Exercise input Block Start

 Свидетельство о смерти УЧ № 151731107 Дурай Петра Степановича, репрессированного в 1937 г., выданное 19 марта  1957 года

Exercise input Block End
Exercise input Block Start

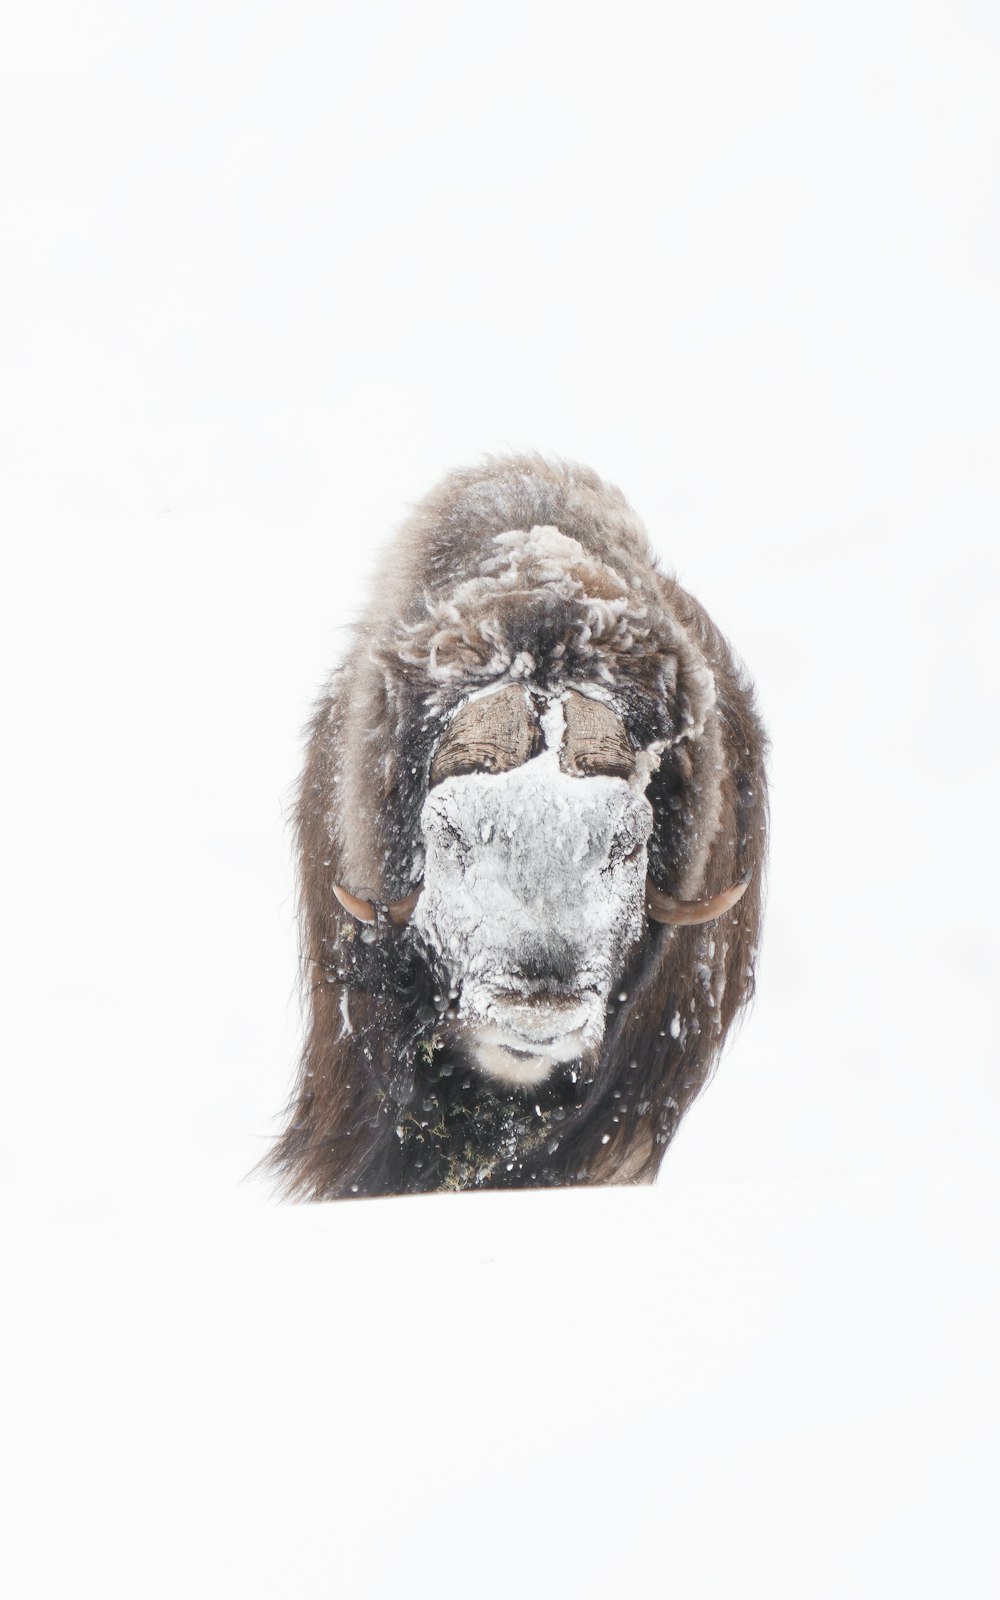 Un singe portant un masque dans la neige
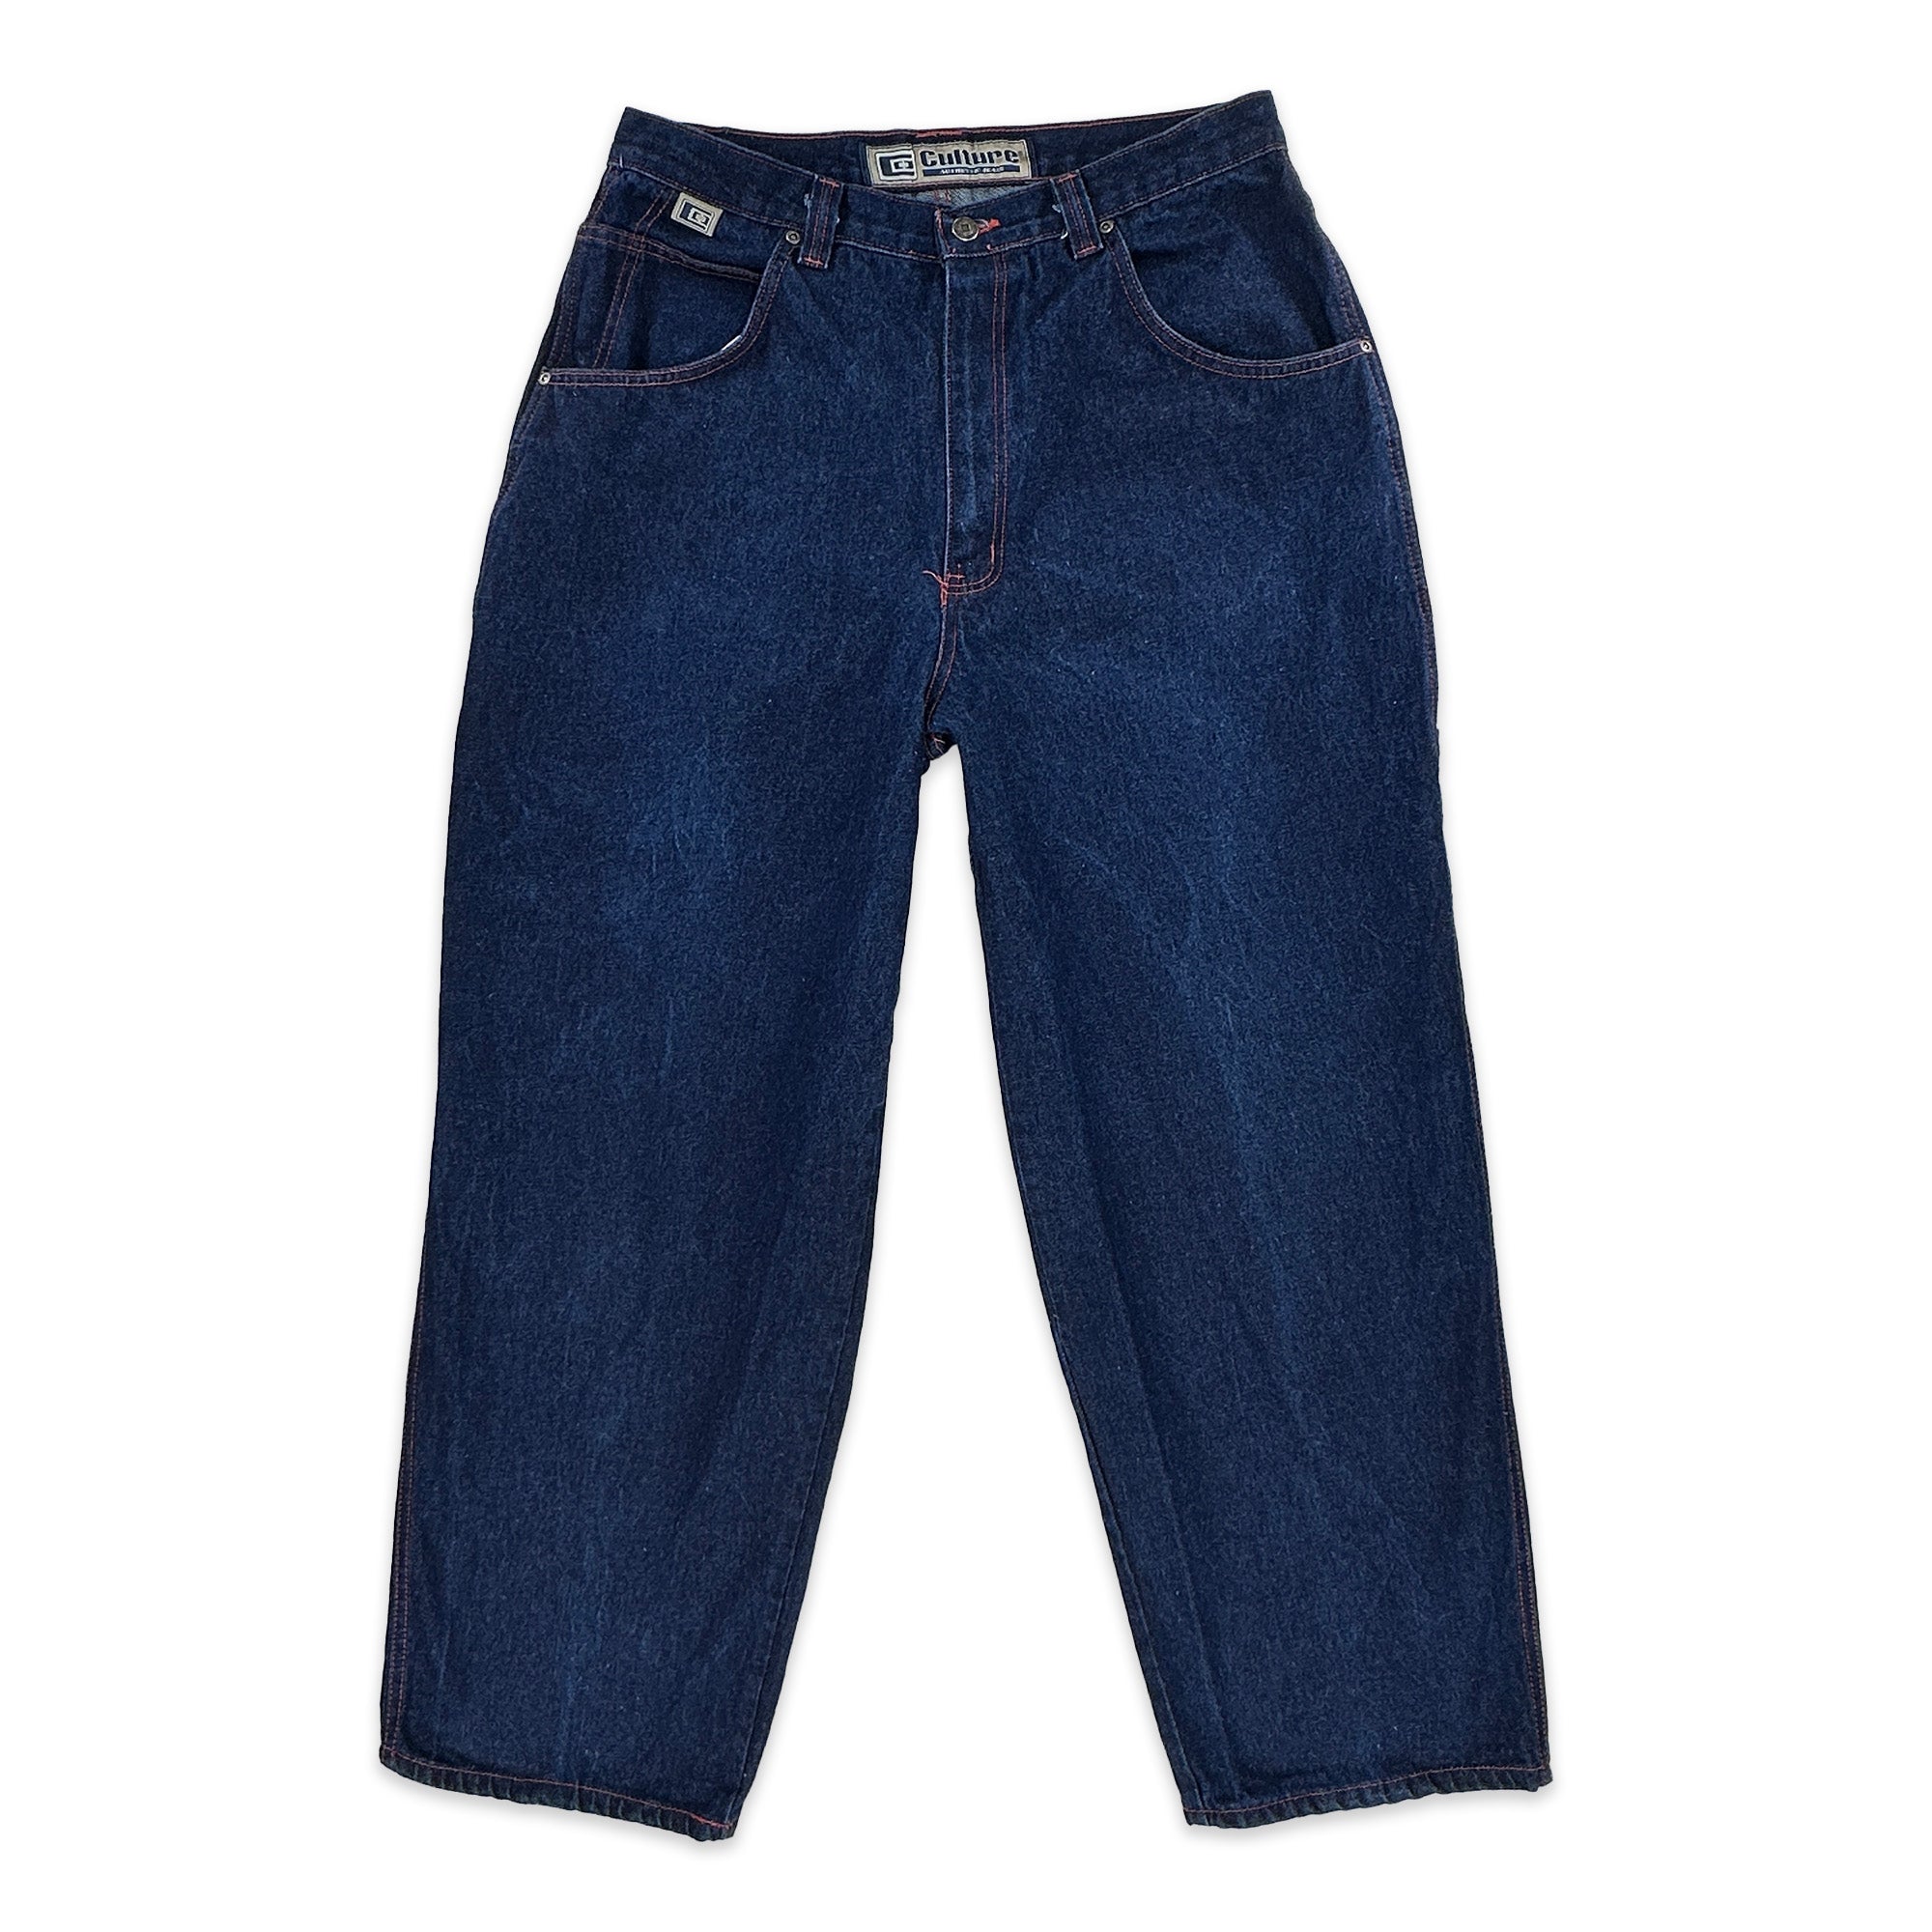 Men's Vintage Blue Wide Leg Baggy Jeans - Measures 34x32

Exercise input Block End

● What you need to do
The material above holds pictures; leave them out. Repeat exactly the lines from the one containing "Un singe portant un masque dans la neige" through the one containing "Men's Vintage Blue", and nothing else.

● Response
 Un singe portant un masque dans la neige
 Men's Vintage Blue Wide Leg Baggy Jeans - Measures 34x32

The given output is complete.